The National Law Review recently published an article about the Florida Bar Association’s stance on attorneys advising their clients to “clean-up” their social media accounts prior to litigation being initiated. This stance was articulated in an advisory opinion by the Professional Ethics Committee.

As a part of its review the committee indicated that once litigation had commenced the normal rules of discovery and spoliation applied. The committee cited cases where attorneys were sanctioned and fined for advising their clients to delete social media information after litigation had been commenced.

The Florida Professional Ethics Committee arrived at this finding after reviewing the applicable Florida Bar Rule [4-3.4(a)]  other Bar Associations’ standards (e.g. New York, North Carolina, Pennsylvania)As to the issue of pre-litigation advise to clients. In summary the Professional Ethics Committee found that that:

“… a lawyer may advise that a client change privacy settings on the client’s social media pages so that they are not publicly accessible. Provided that there is no violation of the rules or substantive law pertaining to the preservation and/or spoliation of evidence, a lawyer also may advise that a client remove information relevant to the foreseeable proceeding from social media pages as long as an appropriate record of the social media information or data is preserved.”
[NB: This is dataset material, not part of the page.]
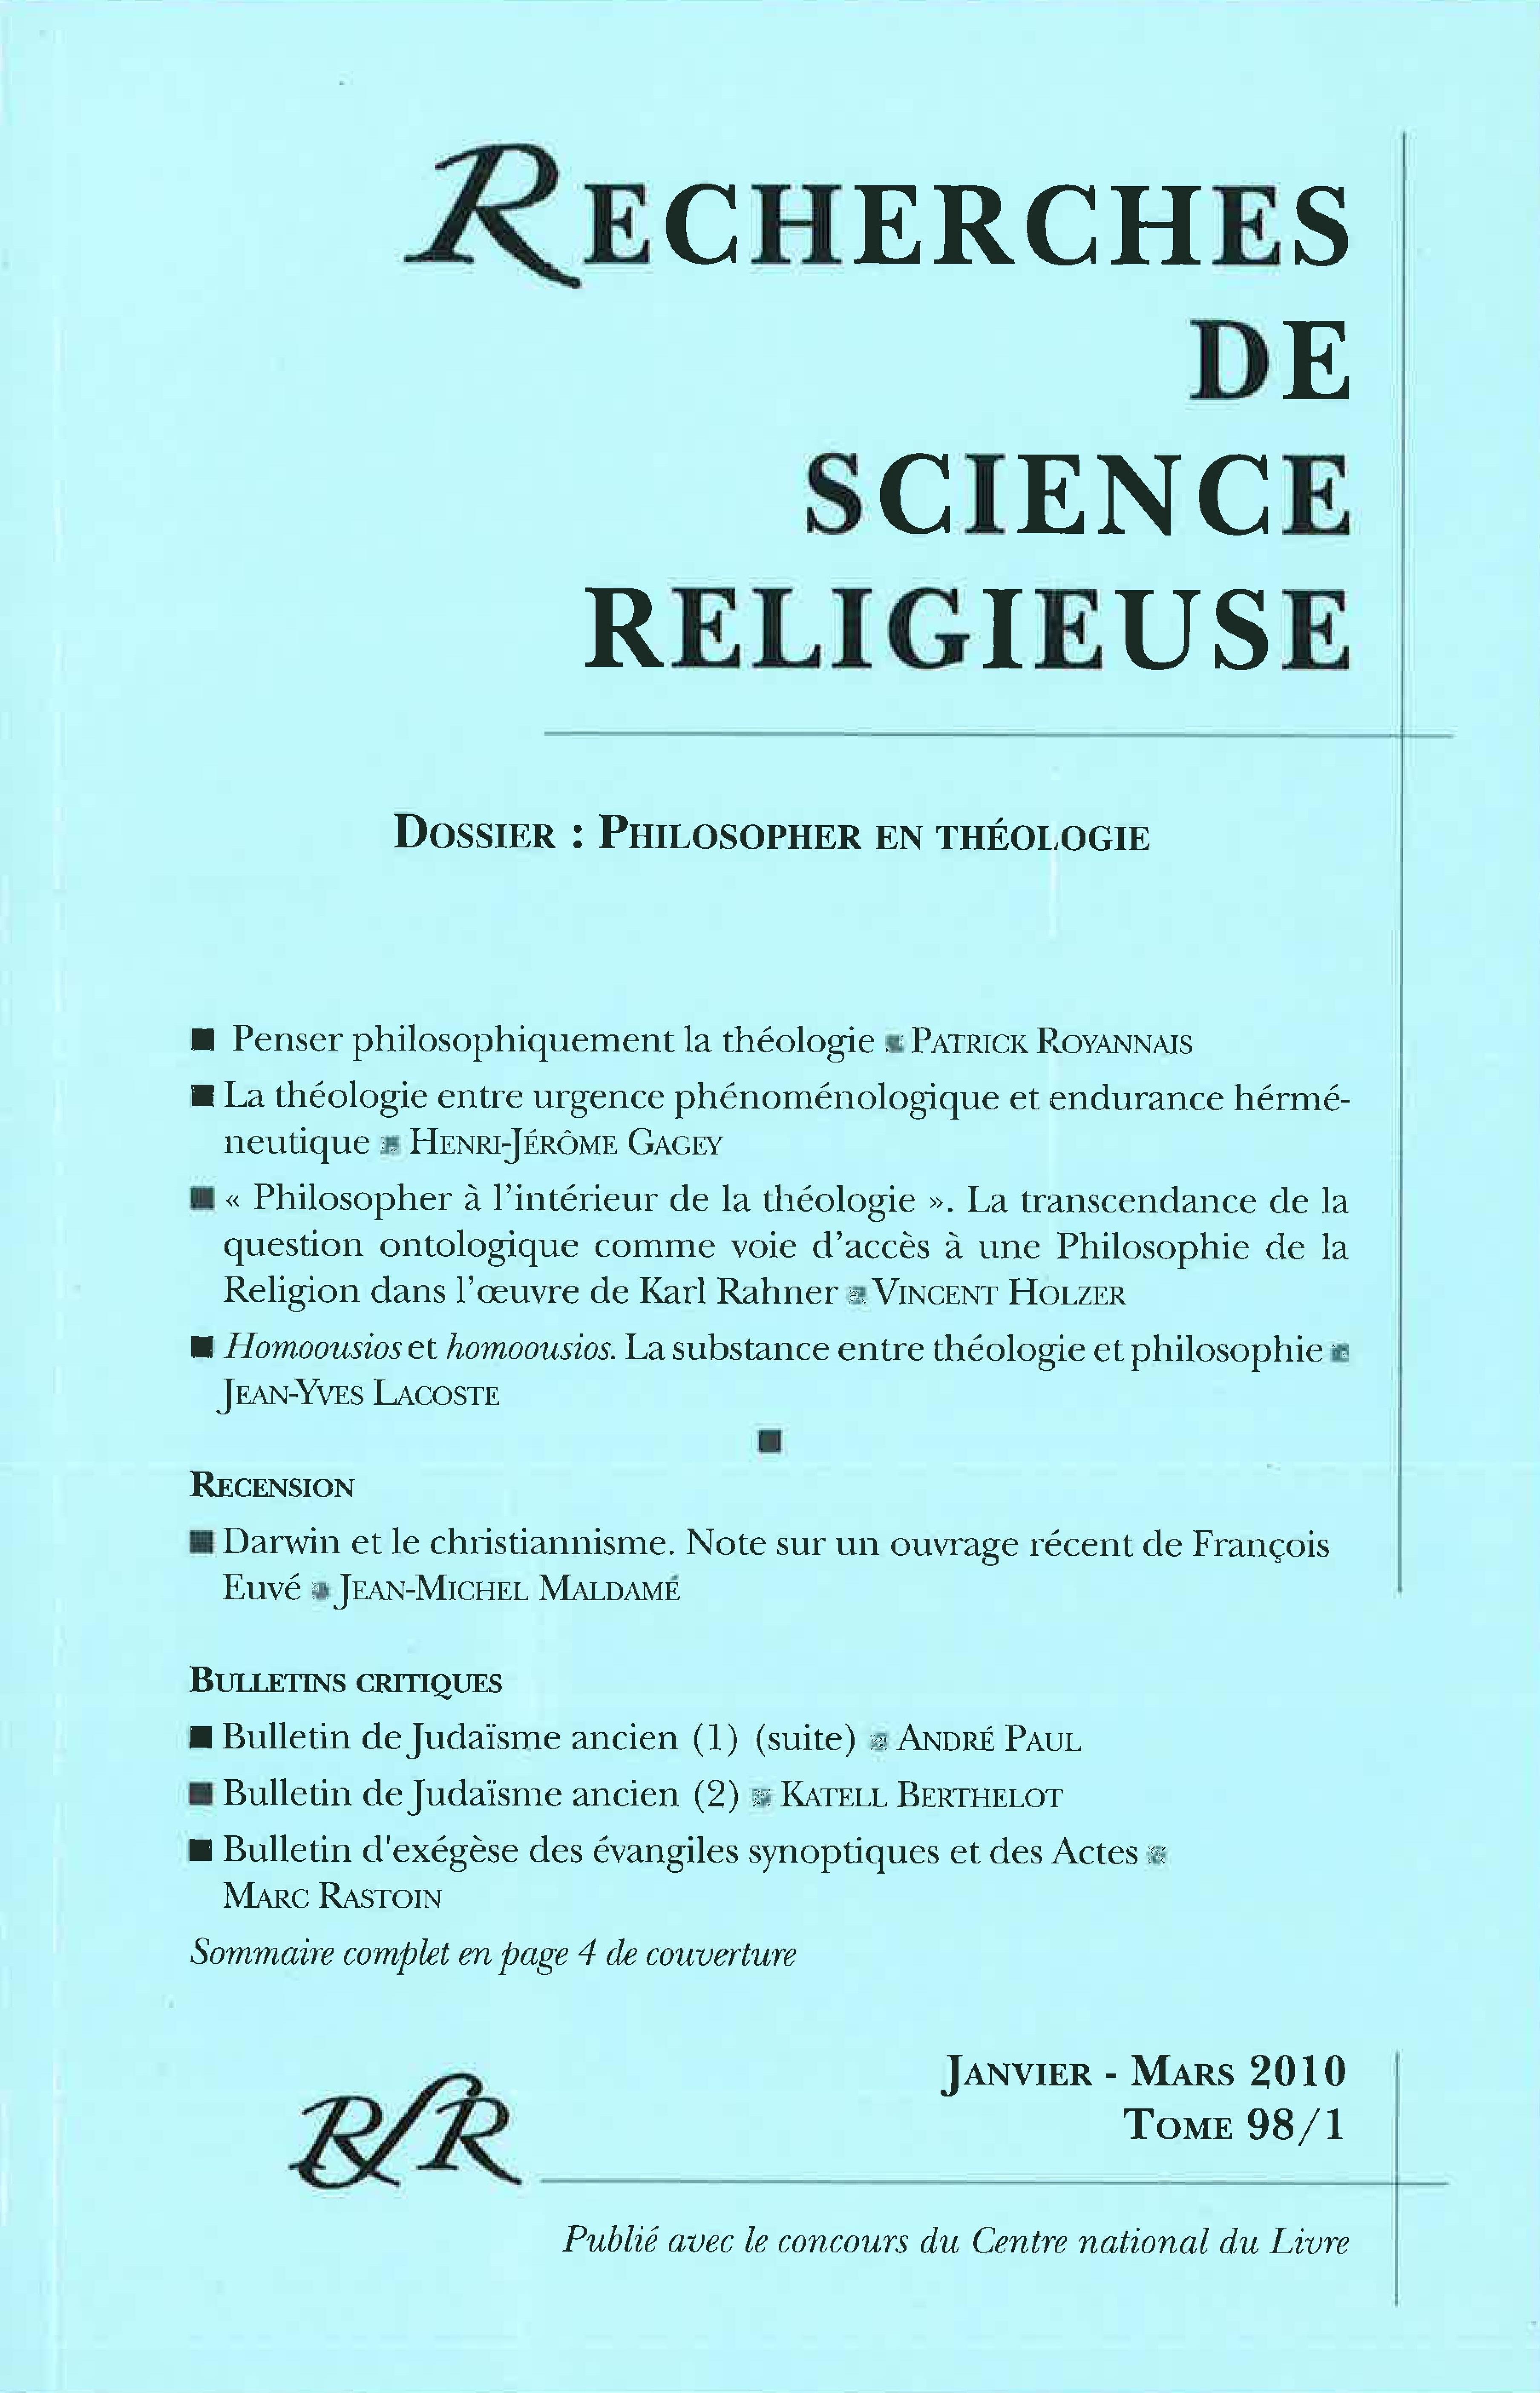 Bulletin de judaïsme ancien (2) | Cairn.info

This opinion, and the standards of other Bar Associations demonstrates the precarious challenges faced when advising clients about their social media accounts.  First, an attorney may have an obligation to advise clients about the laws of preservation and spoliation of information contained their social media accounts.  Secondly, if an attorney advises a client to change privacy settings and/or delete certain information, that information should be preserved if it is relevant to reasonably foreseeable litigation.
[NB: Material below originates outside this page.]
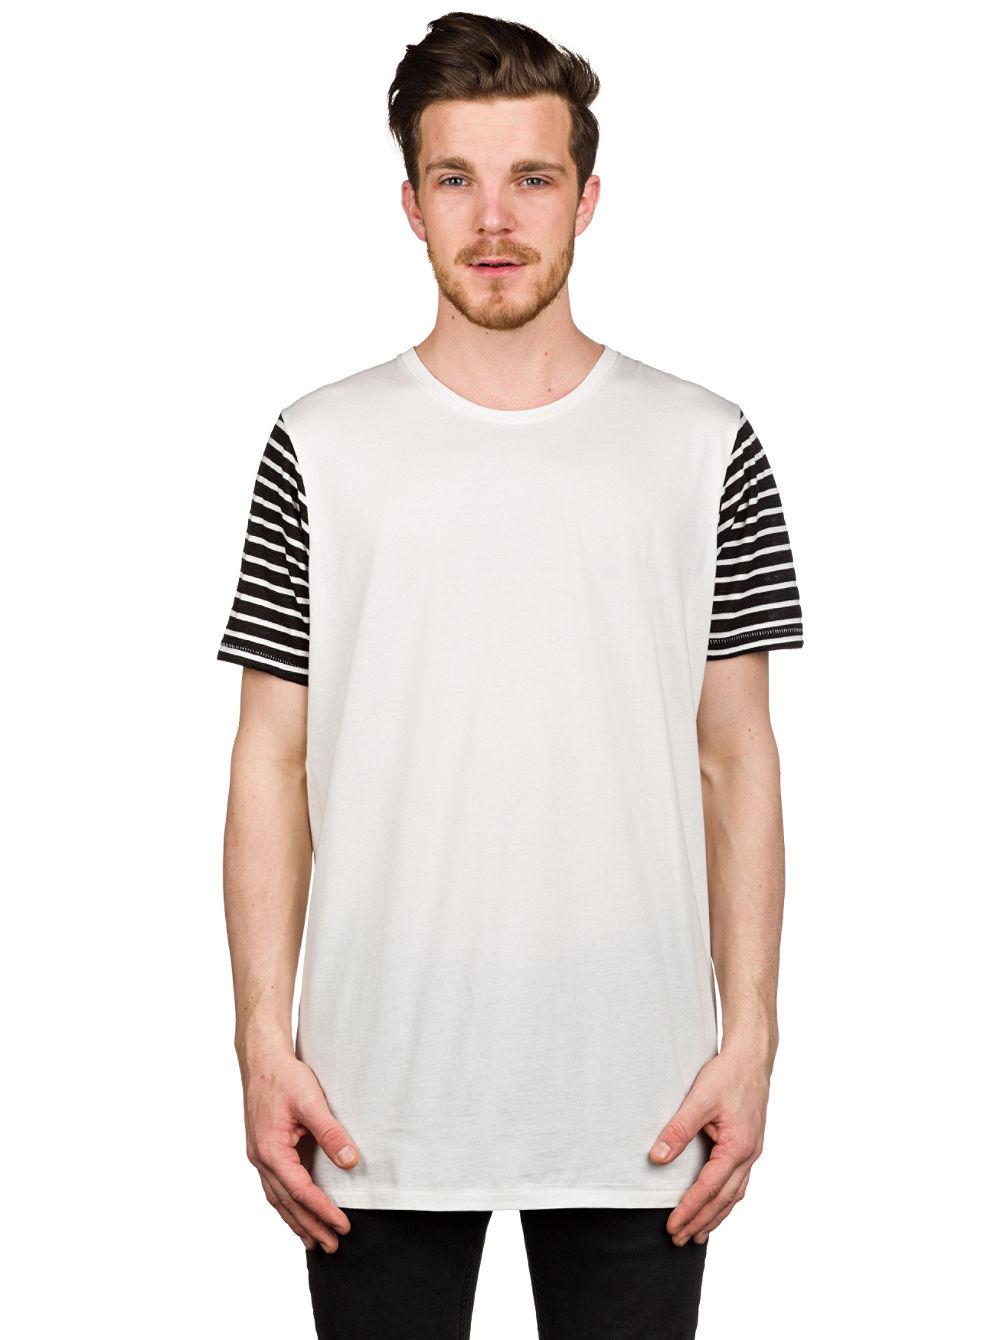 globe-hawksburn-t-shirt

What I will say about this in plain speak is that this appear to be a bit of a shell game.  You can hide it, you can remove it, but it needs to be kept somewhere out of sight.  So what does this mean for counsel involved in litigation?  Counsel needs to make sure that their discovery covers not only information contained on social media accounts, but also any preserved information that has been deleted from a party’s social media accounts.